By David Alire Garcia and Enrique Andres Pretel
SAN JOSE (Reuters)
The centre-left’s Carlos Alvarado Quesada decisively defeated a conservative Protestant singer in Costa Rica’s presidential runoff election on Sunday by promising to allow gay marriage, protecting the country’s reputation for tolerance
A former minister and fiction writer, Quesada, 38, had 61 percent of the vote with results in from 95 percent of polling stations, a far bigger lead than predicted by opinion polls that foresaw a tight race.
“My commitment is to a government for everybody, in equality and liberty for a more prosperous future,” he told thousands of cheering supporters blowing horns and waving Costa Rica’s red, white and blue flag.
“There is much more that unites us than divides us.”
His rival, Alvarado Munoz, a 43-year-old former TV journalist known for religious dance songs, quickly conceded, sinking to his knees, arms raised, in front of supporters, some of them crying.
“We didn’t win the election,” he said, adding that he had congratulated his opponent in a telephone call and, in another sign of Costa Rica’s cordial politics, promised to help him resolve the country’s problems.
The election had exposed divisions in the Central American tourist destination known for laid-back beach culture and pristine rainforests, but where some rural communities remain socially conservative.
It could also reflect the mood elsewhere in Latin America, where elections are being held this year in several countries that have backed same sex unions, provoking a conservative reaction.
Alvarado Quesada, until recently a minister in the outgoing government, will be the youngest president in the modern history of Costa Rica when he takes office in May.
Also known for his student prog-rock band, he used the campaign to appeal to his country’s centrist streak.

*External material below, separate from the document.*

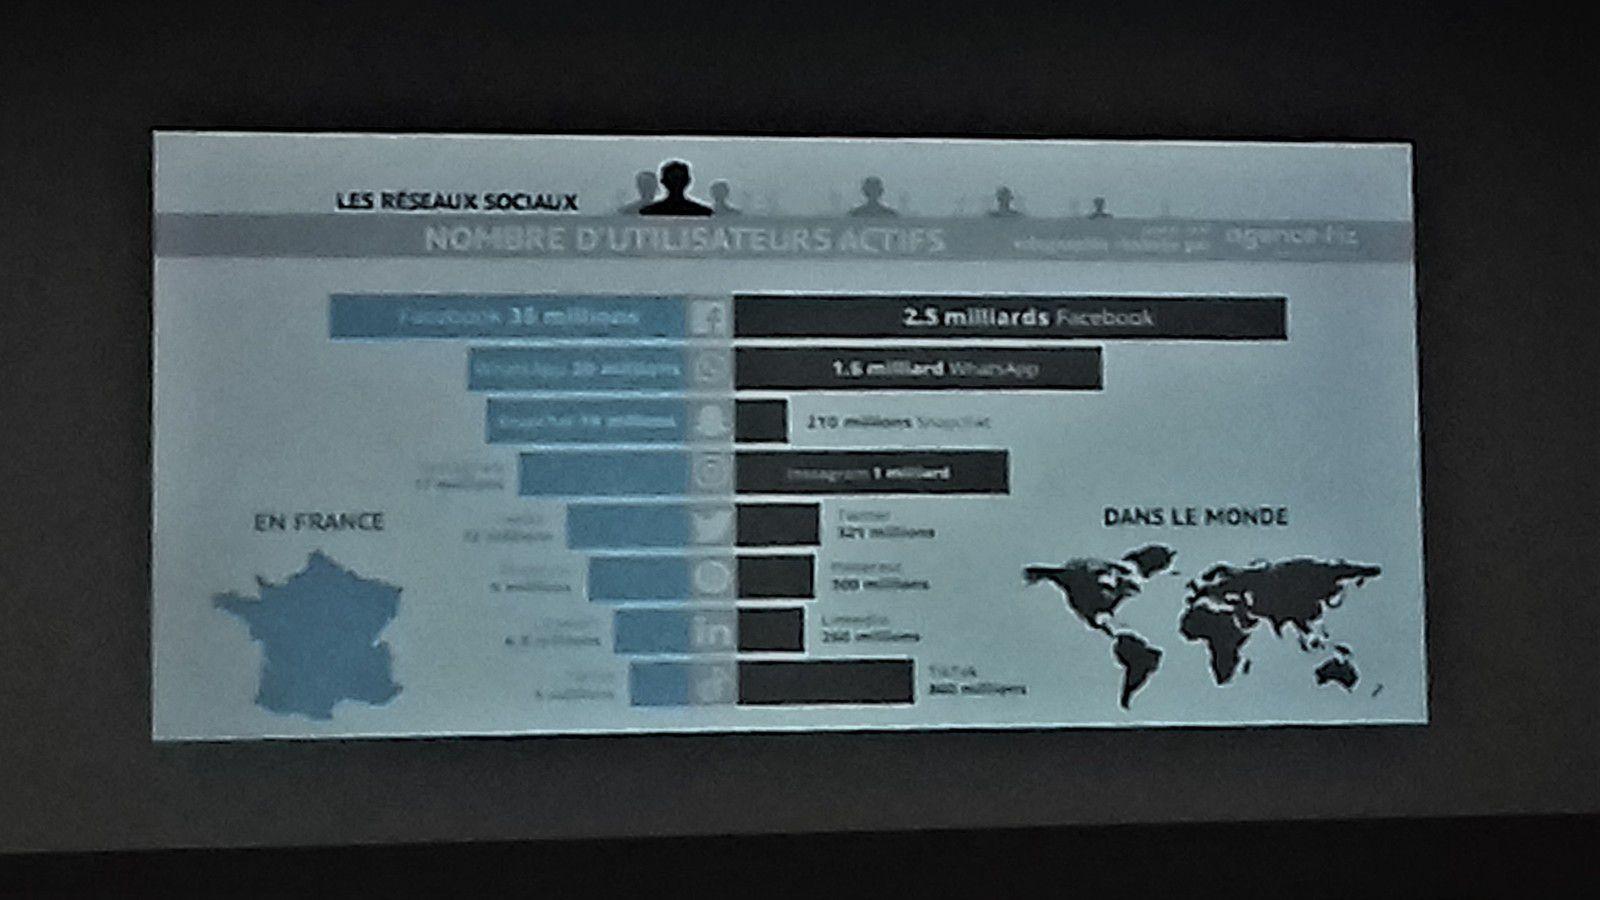 Les réseaux en chiffres entre la France et le monde.

His vice presidential candidate, Epsy Campbell, will be the country’s first Afro-Costa Rican to serve in that role.
Opponent Alvarado Munoz had vowed to restore what he called traditional values by preventing gay marriage and restricting women’s access to abortions.
The two men took opposing positions on a January decision by the Inter-American Court of Human Rights, an influential regional body based in San Jose.
Fabricio, as supporters refer to Alvarado Munoz, called the ruling an affront to sovereignty. Threatening to remove the country from the court’s jurisdiction, he shot from the margins to win the first round of voting in February.
Quesada, by contrast, backed the court’s ruling. In the campaign’s final debate, he called his opponent’s comments homophobic.